The housing can include the magnet connecting element 31C projected
from it. As mentioned above, this structure can be of a U shape and
configured to receive the magnet connecting pin 33 which secures
that element within the recess 26R2 defined by the track 20.
[0052] The magnet 31 can include an actuator 31L, which is shown as
a lever or cam. This actuator can turn the magnet "on" and "off,"
increasing and/or decreasing respectively the magnet flux MF
generated by an internal magnet 31M disposed in the housing 31H. An
exemplary magnet suitable for use with the apparatus 10 is a
Mag-Mate Powerlift.RTM. magnet available from Industrial Magnetics,
Inc., of Boyne City, Mich. The magnet can generally include an
interface surface 31I that is adapted to interface with and engage
a ferromagnetic surface of a ferromagnetic structure FMS as shown
in FIG. 6. The interface surface 31I can be substantially flat and
smooth. The magnet 31M can be rare earth magnetic materials or
other magnetic materials that selectively applies a magnetic flux
MF through the interface surface 31I. Optionally, the magnets can
be neodymium magnets, bonded samarium cobalt magnets and/or ceramic
magnets.
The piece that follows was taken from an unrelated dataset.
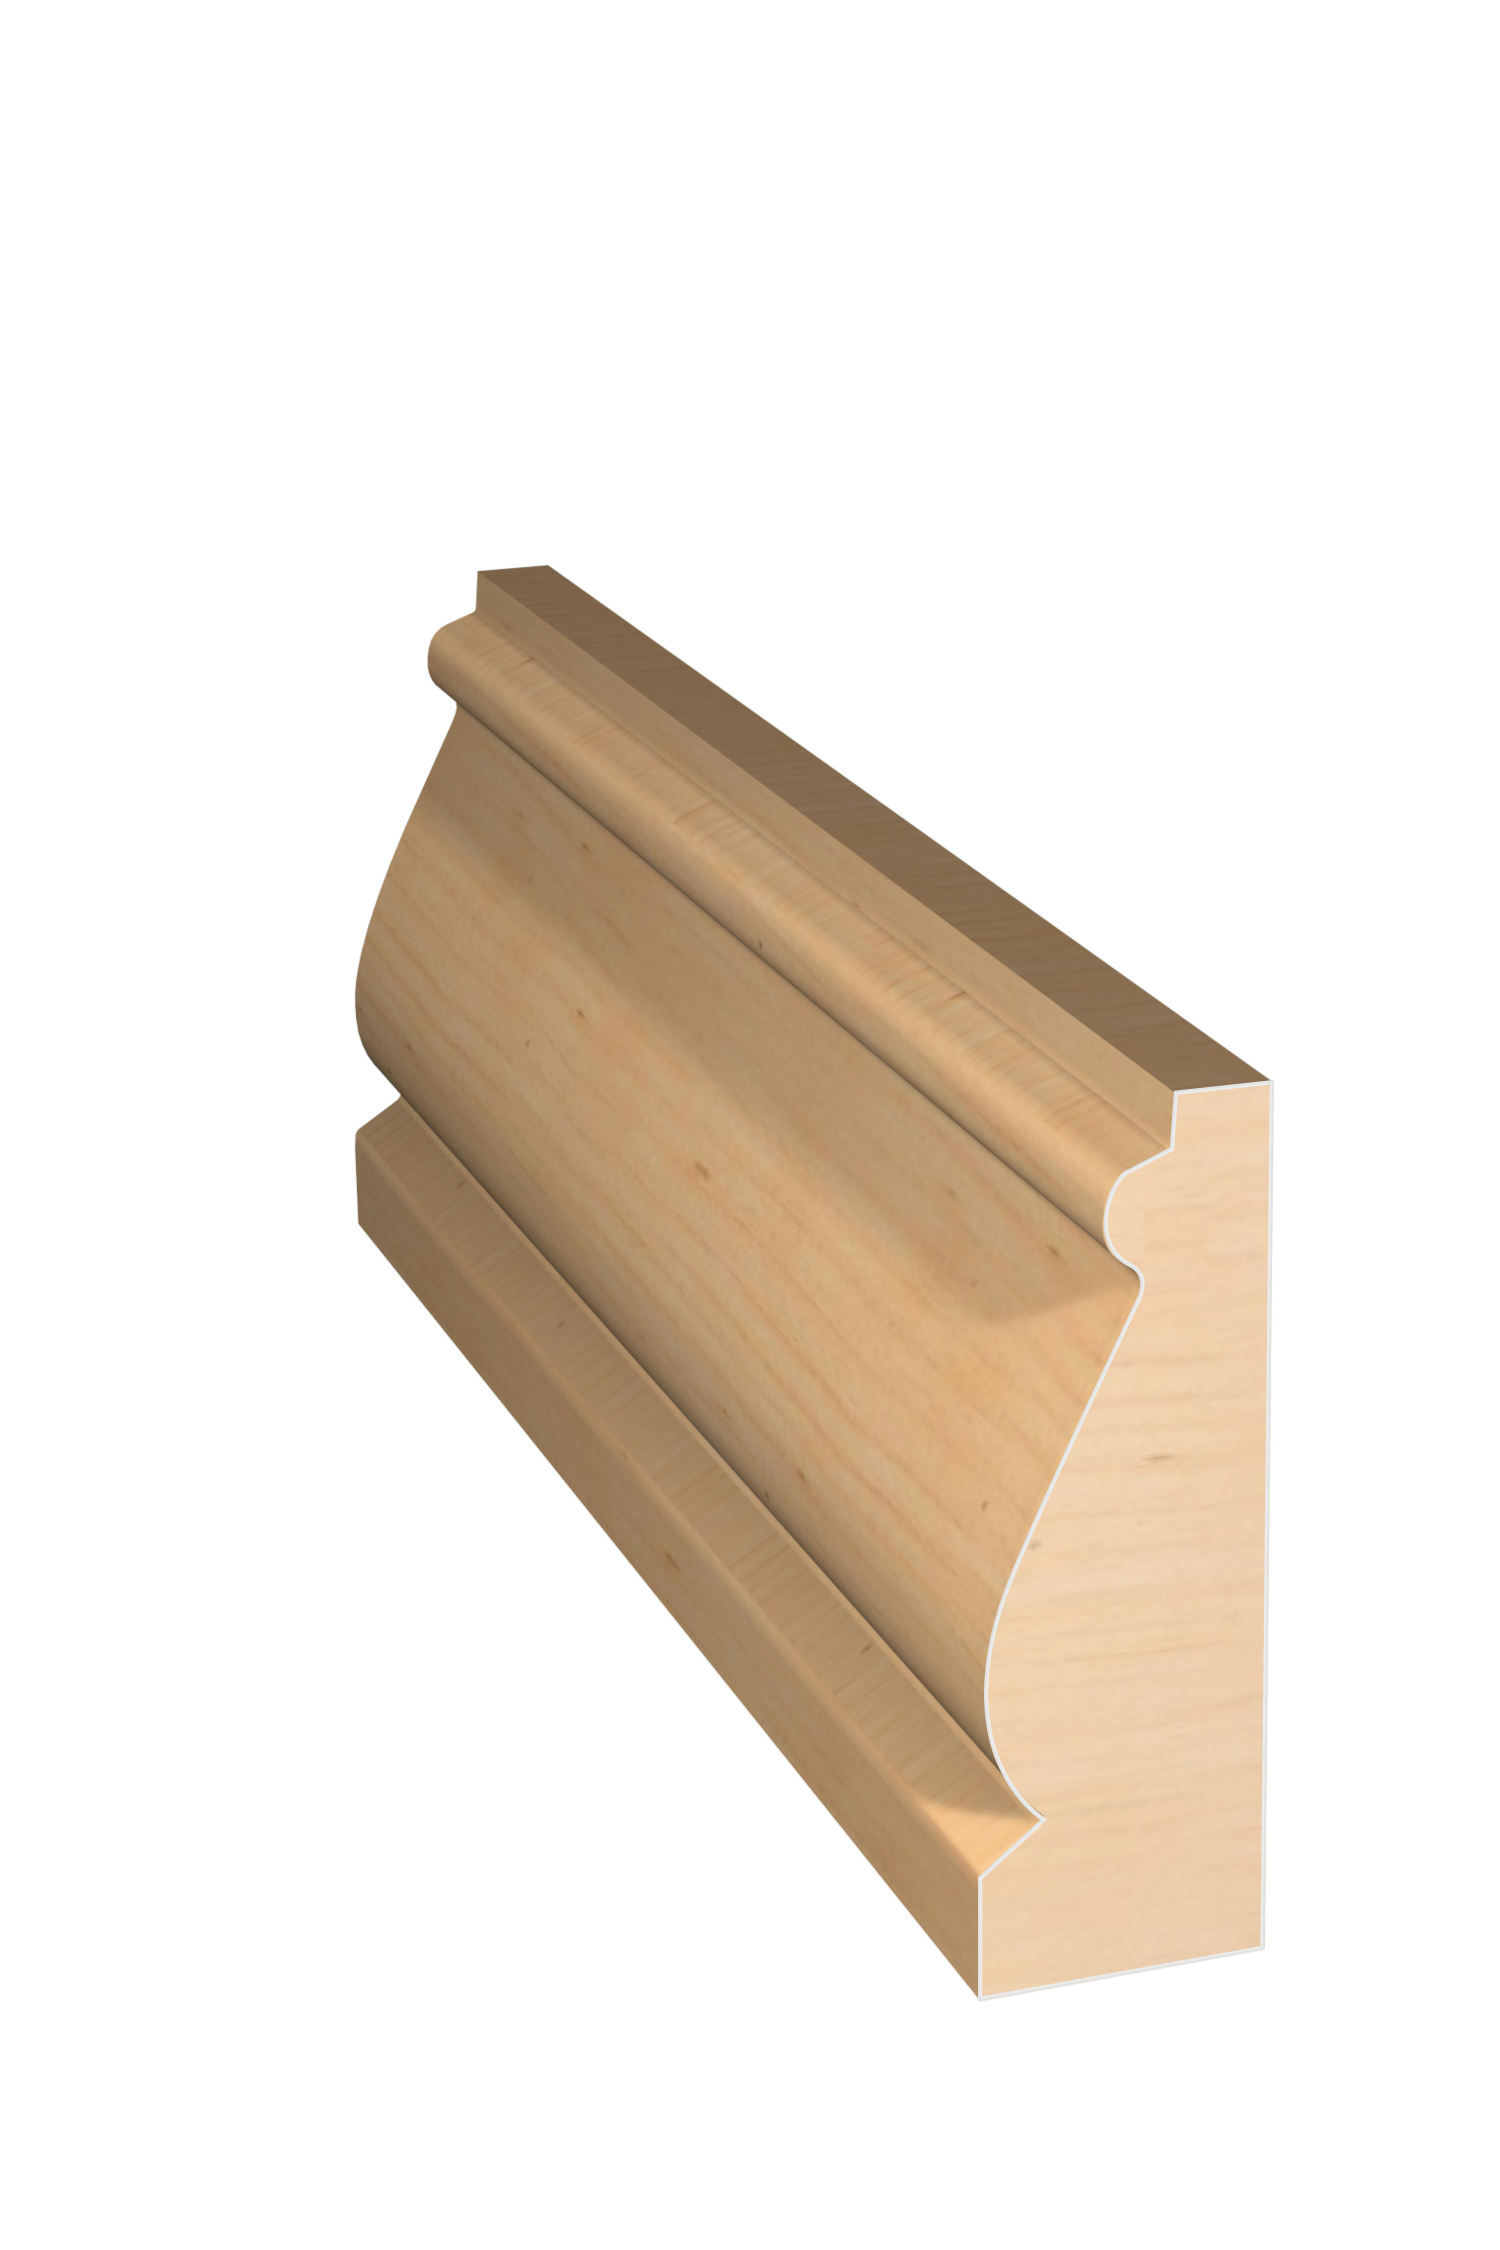 Three dimensional rendering of custom casing wood molding CAPL21412 made by Public Lumber Company in Detroit.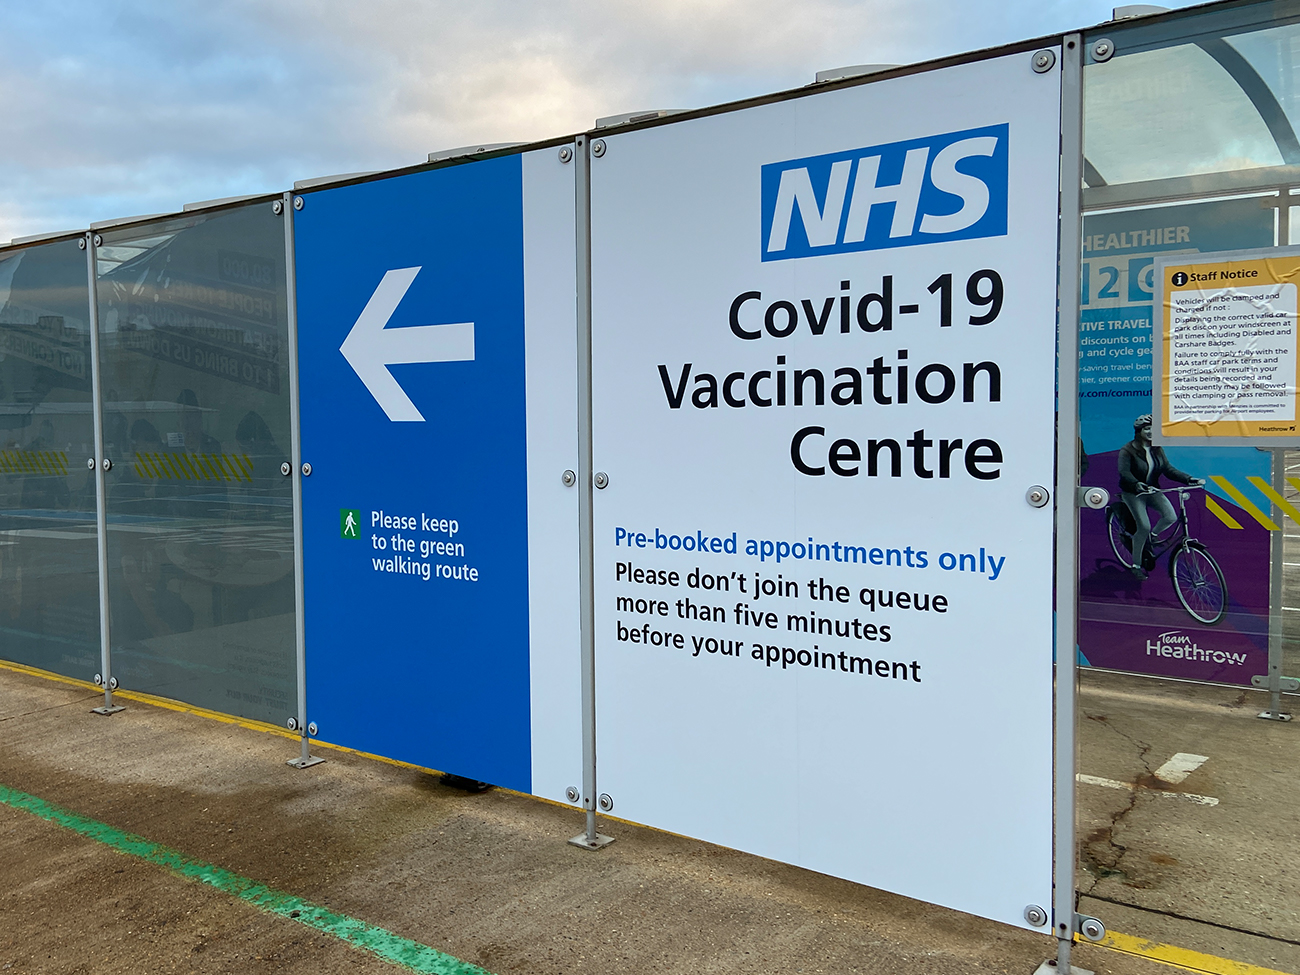 NHS Vaccination Centre Bus Shelter signage

Further optionally, the magnets can exert a magnetic flux
MF, and in particular residual inductions, ranging from 2,000 Gauss
to 50,000 Gauss, further optionally 10,000 Gauss to 20,000 Gauss.
Of course, other magnetic fluxes can be selected, however, the
precise amount of magnetic flux is selected to withstand the forces
exerted by the water blasting device on the track. As mentioned
above, the nozzle projects water at high pressure, creating a jet
force which is countered by the magnets holding the track in a
fixed orientation and position.
[0053] Returning to FIG. 6, the actuator 31L can be associated with
one end of the housing 31H and adapted to move one or more potions
of the rare earth or other magnetic materials 31M of the magnet 31.
The actuator 31L is adapted to selectively configure the magnet in
a magnetic mode, in which the magnet exerts the magnetic force MF
attracting it to the respective ferromagnetic structure FMS. This
magnetic mode is also associated with the engaged positioned of the
actuator 31L shown in broken lines in FIG. 6. In this
configuration, when in the "on" position, the actuator and magnetic
materials 31M of the magnet are configured in such a way with
respect to other magnetic materials within the housing 31H that a
significant magnetic flux MF is produced through the interface
surface 31I, which becomes engaged with a variety of ferromagnetic
structures FMS.
[0054] The actuator 31L is adapted to selectively configure the
magnet in a disengaging mode, in which the magnet is able to be
removed under minimal manual force from the ferromagnetic structure
FMS. The actuator 31L is moved to the position shown in solid lines
to turn the magnet "off" in order to minimize the amount of magnet
flux MF emitted through the interface surface 31I. The magnetic
flux MF created by the magnet 31, 32 is magnetically engageable
with a variety of ferrous metals or materials of the type commonly
found in facilities, and around equipment to be cleaned with the
water blasting apparatus of the current embodiments.
[0055] If desired, the actuator 31L can include one or more stops
to physically interfere with the travel of the actuator, in order
to lock the magnets in the magnetic mode or the disengaging mode.
Optionally, the actuator 31L can be accommodated with a grip of
rubber or plastic material to provide a surface with an improved
coefficient of friction for grasping by an operator.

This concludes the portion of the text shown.